It's 27C and v humid at our end of the office. I'm all sweaty and can't concentrate. But because it gets a bit cold at the other end of the office we can't have the A/C on. Why those fuckers can't just put a fucking jumper on is beyond me, it's not like I can sit around naked here.

Colonel Poo, Tuesday, 31 July 2012 12:55 (eleven years ago) link

Sounds like whoever planned and designed your office should have thought about it a bit more.

I am a firm believer that if you are cold, you put on a sweater because I sure as shit can't take anything else off.

My coworker asked if she could turn the heat on last Friday. It was around 90 F. She wanted the heat on because she was wearing a shirt skirt and short sleeves and still cannot get it together to bring a sweater to work despite having worked here for going on nine years. I just ignored her because if I had responded it would have been very mean.

ms. cookie (carl agatha), Tuesday, 31 July 2012 13:42 (eleven years ago) link

Oh she tried to turn the heat on, but of course the heat is off in the building so it did nothing. And still, she doesn't bring a sweater.

ms. cookie (carl agatha), Tuesday, 31 July 2012 13:42 (eleven years ago) link

don't be coy colonel poo - take yer top off

^ sarcasm (ken c), Tuesday, 31 July 2012 13:43 (eleven years ago) link

Ugh, my boss always adjusts the AC because one person is always cold. Meanwhile, I am always sweating to death.

tokyo rosemary, Tuesday, 31 July 2012 14:02 (eleven years ago) link

Hurrah! One of the directors turned up and now the A/C is on. No striptease was necessary.

Colonel Poo, Tuesday, 31 July 2012 14:04 (eleven years ago) link

It reminds me that I ought to set about finding another way of making a living, maybe in another country, because this is just driving me nuts.

Trust me, there are annoying people like that in every country.

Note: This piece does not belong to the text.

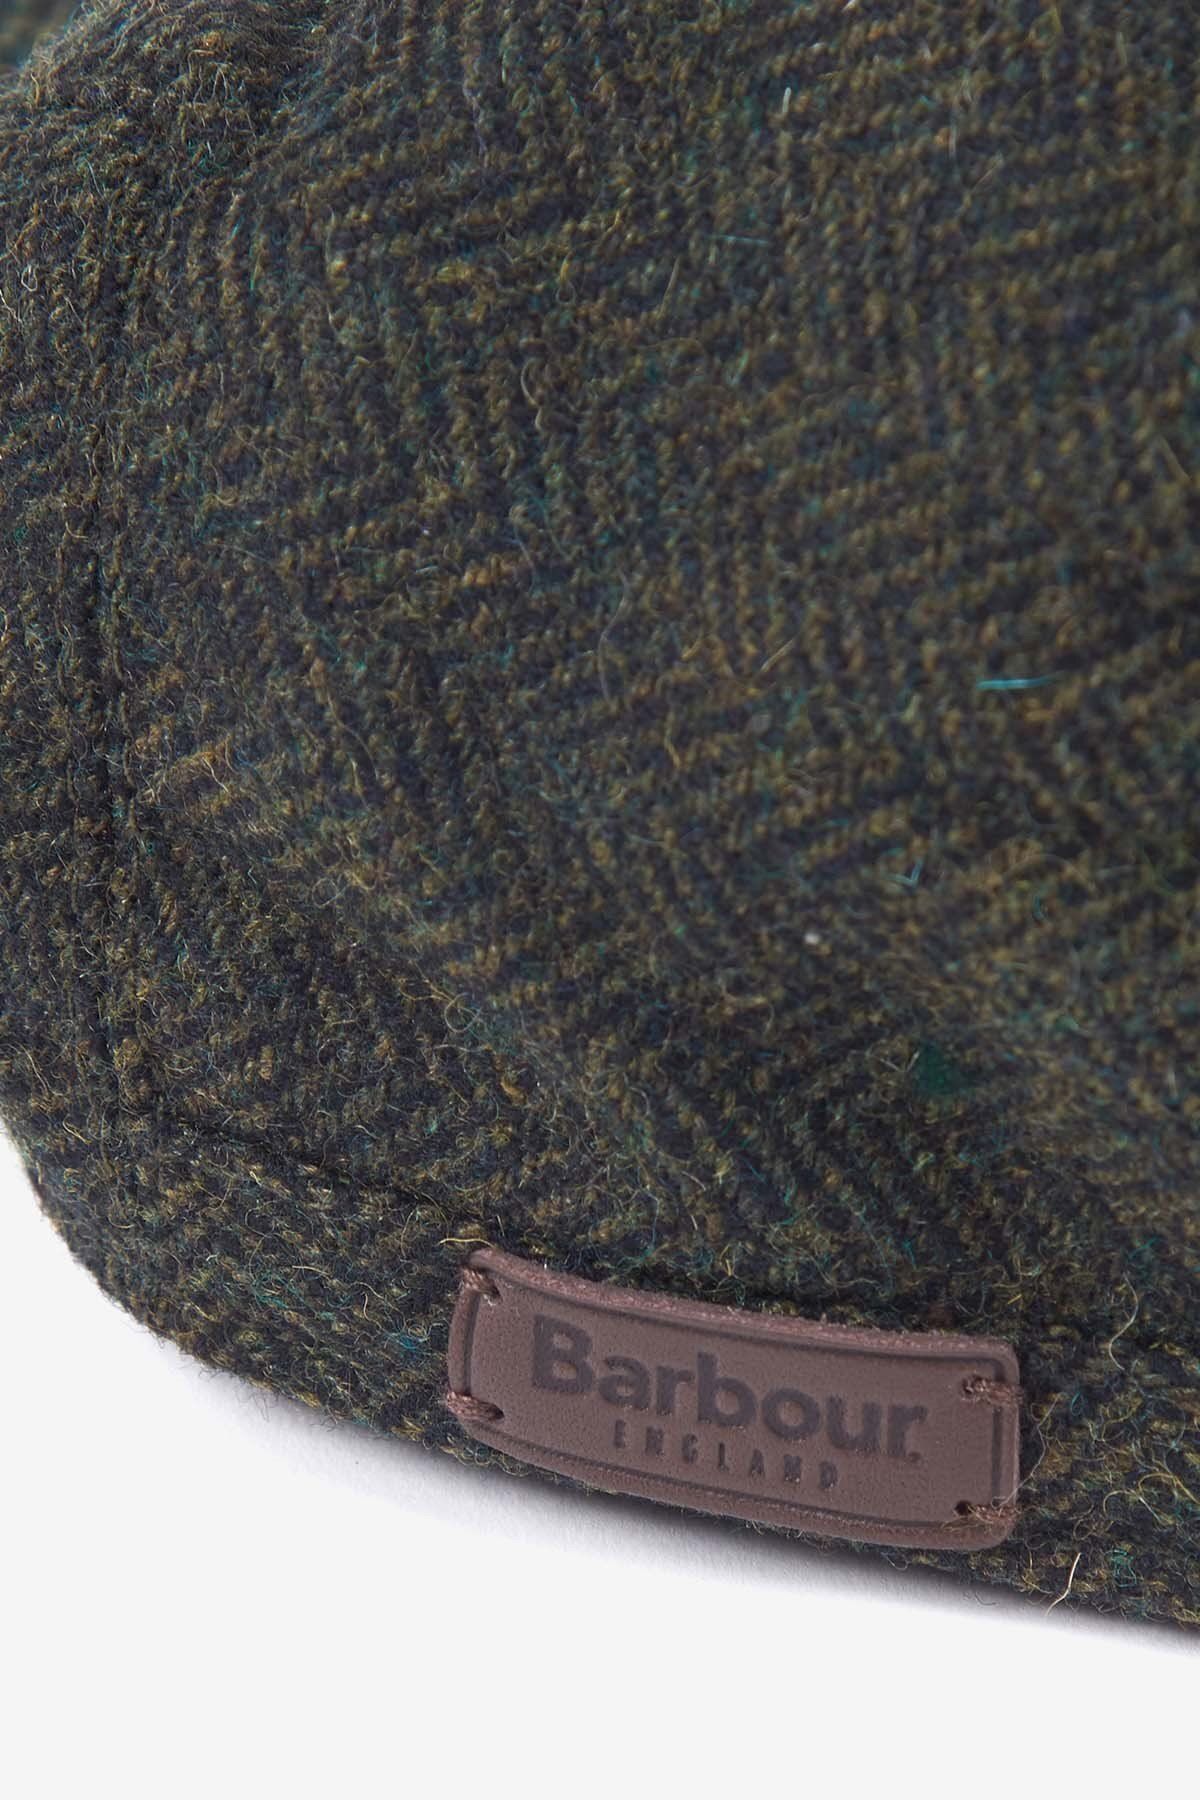 Barbour یک زیتون Barlow Hat11 باشید

heated debate over derpy hooves (jon /via/ chi 2.0), Tuesday, 31 July 2012 14:12 (eleven years ago) link

Last week it was 27C in the office and the woman who always complains it's too cold complained that it was too hot all day instead! Which was good because she let me open a window and have my fan on, but I could not work out what the fuck was so different from 2 days before when it was 26C in the office and I asked if I could open the window and she said "oh, but it's so cold and the wind will blow my papers away" (it was not windy that day at all and she's in the furthest corner from the window), so I turned my desk fan on instead and she whinged about it being noisy until I turned it off.

(everyone has these noisy little desk fans except her; she moved the one big silent fan from the corner to her desk and never uses it)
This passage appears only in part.